After Carrie and I get the kids to bed, I have an alarm that buzzes when it’s time for me to actually turn in so that I get around 8 hours of sleep. Most of the time, that mechanism works reasonably well, and I hit or am pretty close to that sleep target.
Later this past summer, I also found I might have the beginnings of an ulcer. Since then, I’ve been trying to avoid processed foods, added sugar, dairy, etc. and make other food choices that are better for my body as well.
What advice would you give your younger self in regard to staying focused and motivated on what matters most?
To my younger self, I think I might say two things (which I also try to have my present self keep in mind).
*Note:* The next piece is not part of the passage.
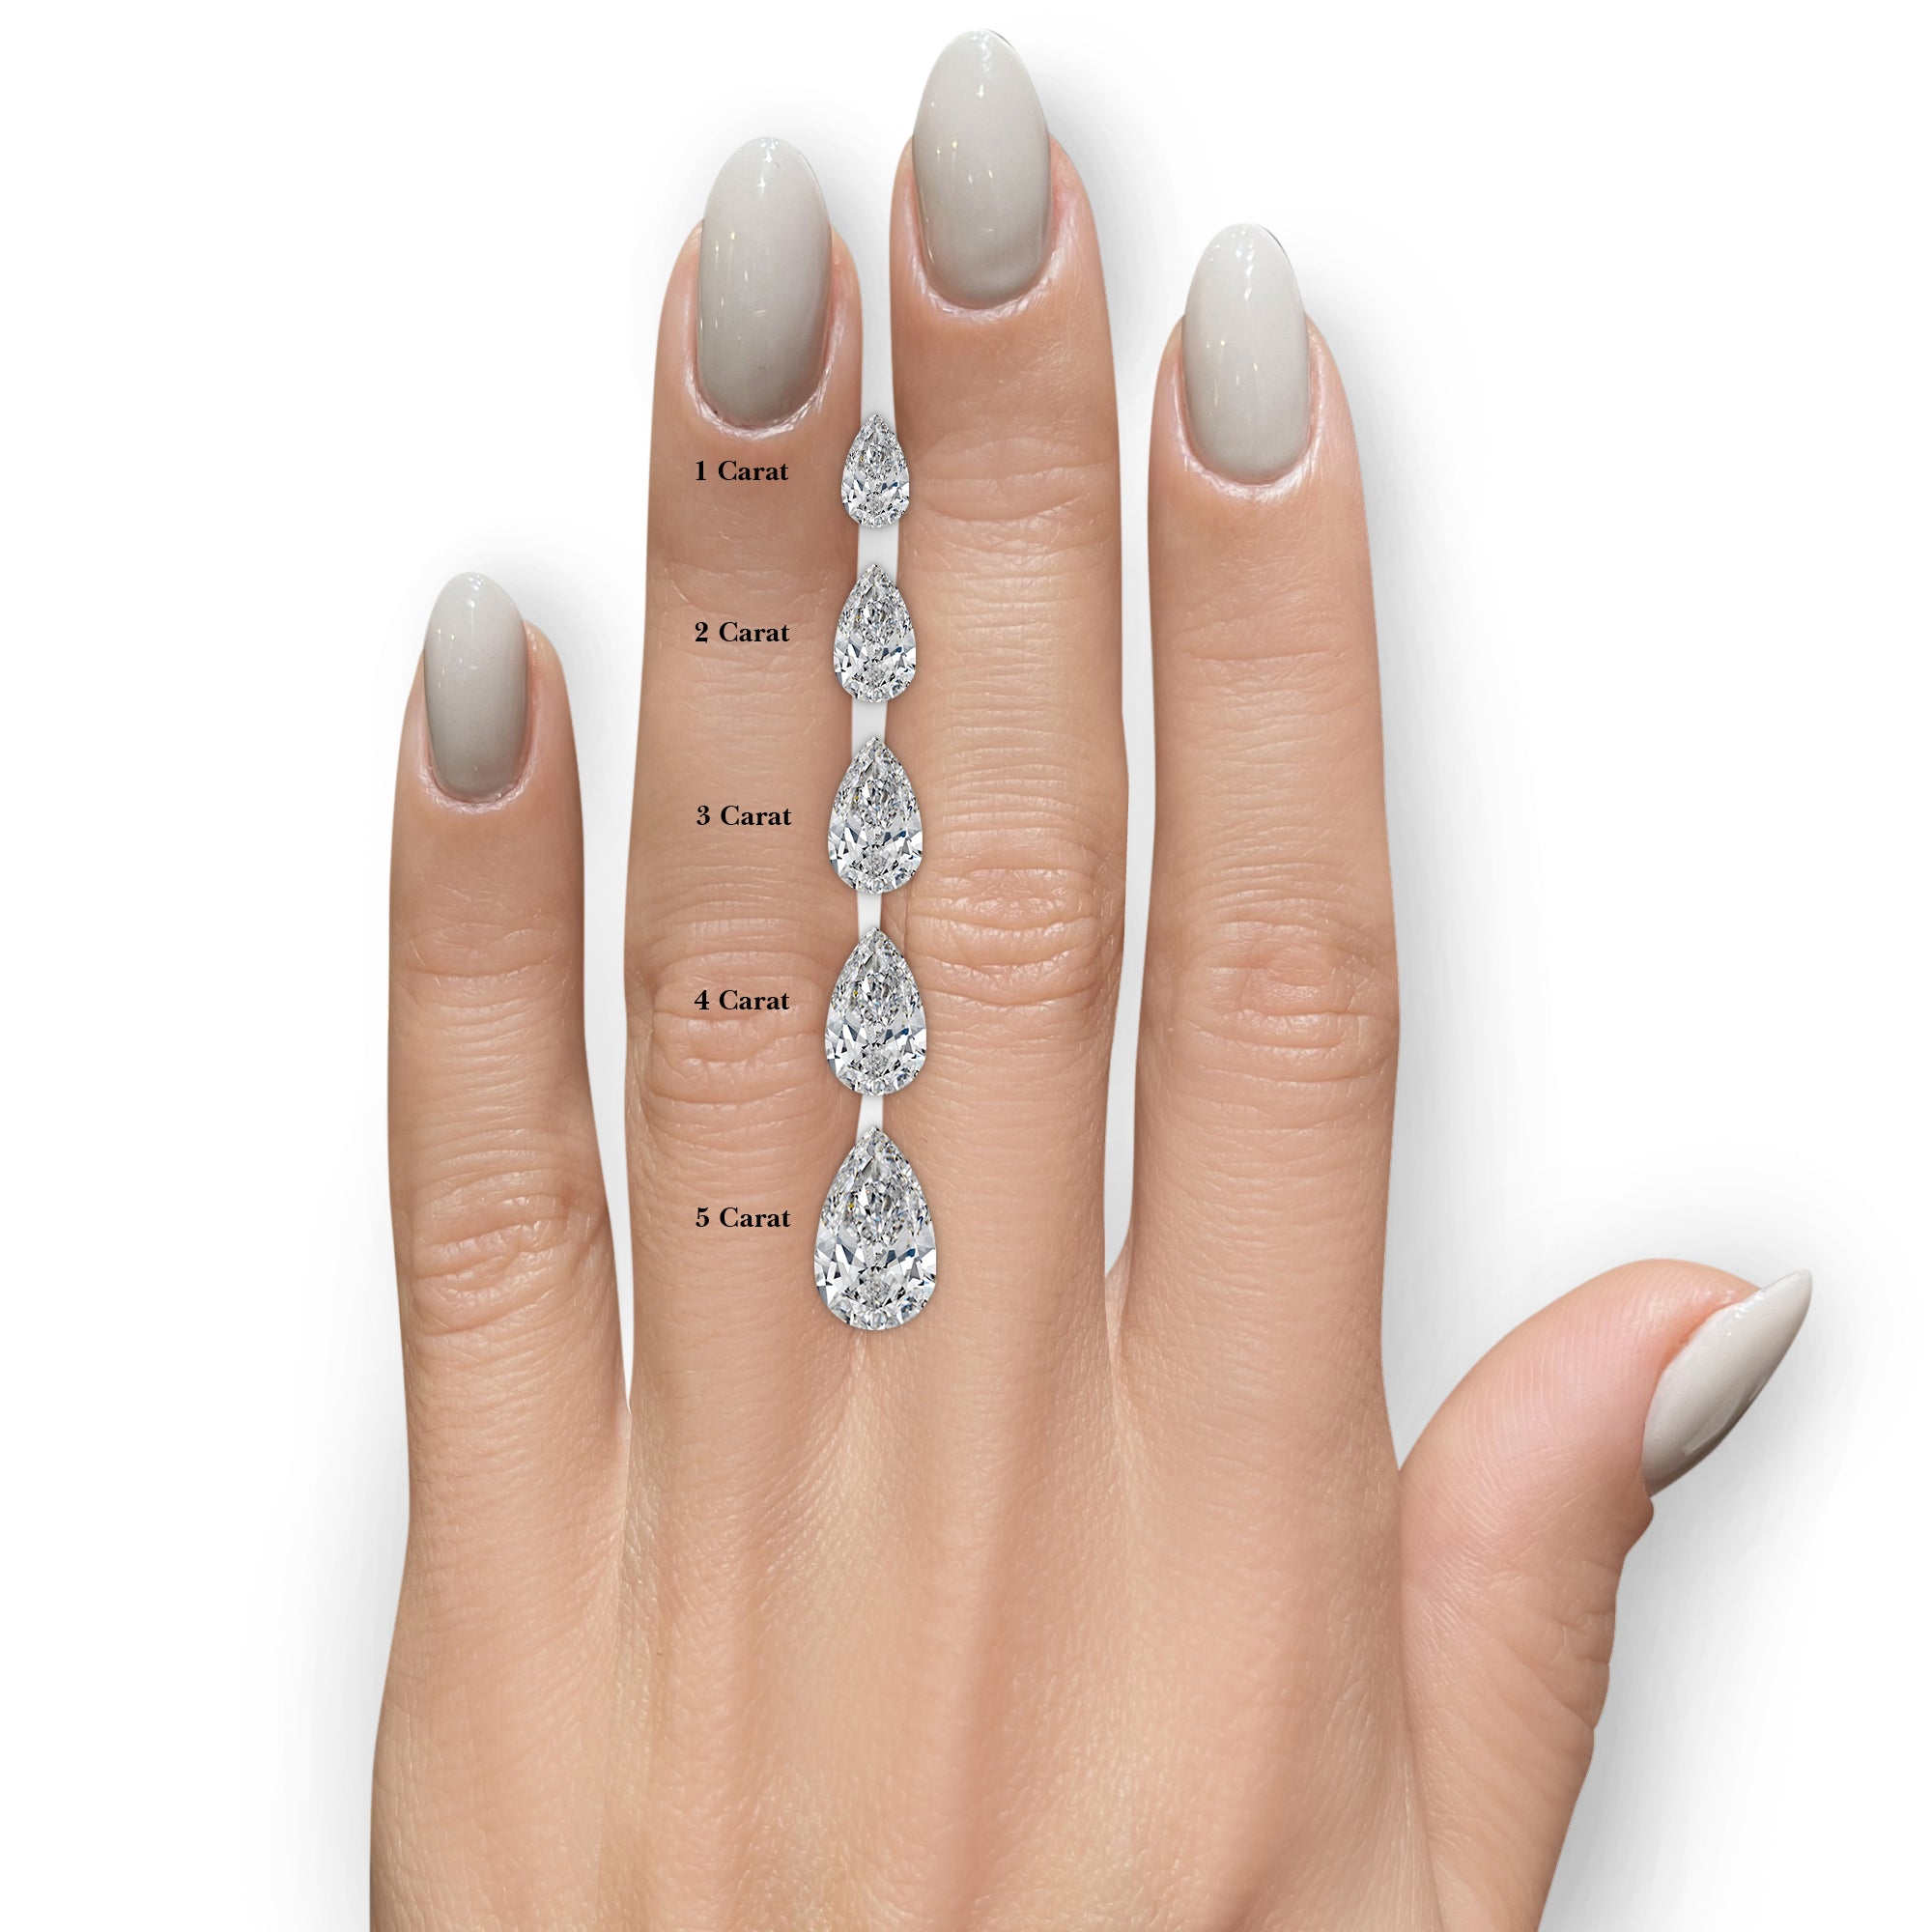 Margarita Diamond Engagement Ring -14K Rose Gold
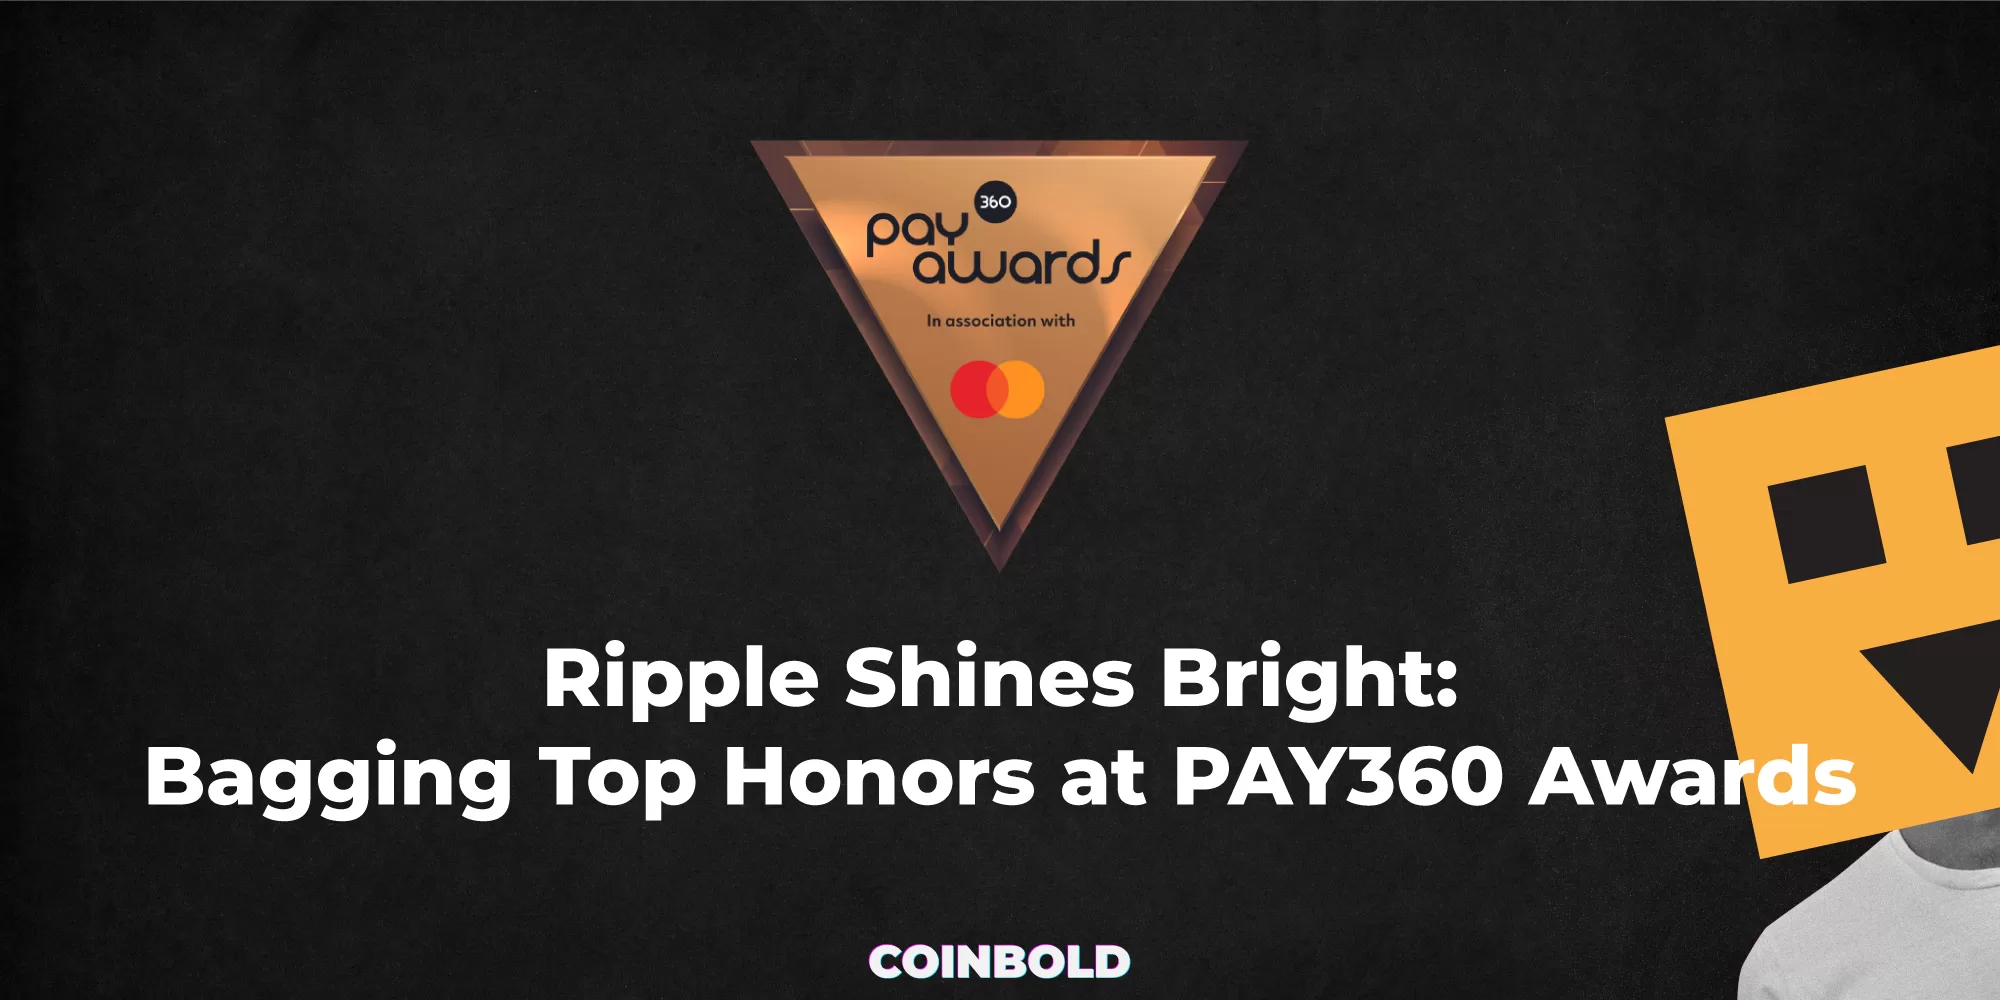 Ripple Shines Bright Bagging Top Honors at PAY360 Awards

First, time is a zero-sum game. Saying yes to anything with it automatically means saying no to everything else.
Sure, you might be able to check email while “playing” with your kids. You might be able to do a low-priority activity in time you’d planned to devote to high-leverage work.
But by making that choice, part of the “not anything else than this” that you’re choosing is not fully engaged presence in that play or work, which is the kind of presence that makes times memorable and work productive.
Second, to quote Greg McKeown’s Essentialism, which I mentioned earlier, “If you don’t prioritize your life, someone else will” (p. 10).
You don’t want to live a life ruled by the whims of priorities from other people that might not mesh with your own. So, focus your few and fleeting days on what will really count at the end.
How that “focusing” happens requires constant readjustment and is different for everyone. But I’ve tried to suggest several big-picture options in my free guide How to Budget Your Time: A Guide for Regular, Irregular, and Mixed Schedules.
Where are you currently based?
My family and I live in Montgomery, Alabama, and I teach at Faulkner University’s Kearley Graduate School of Theology.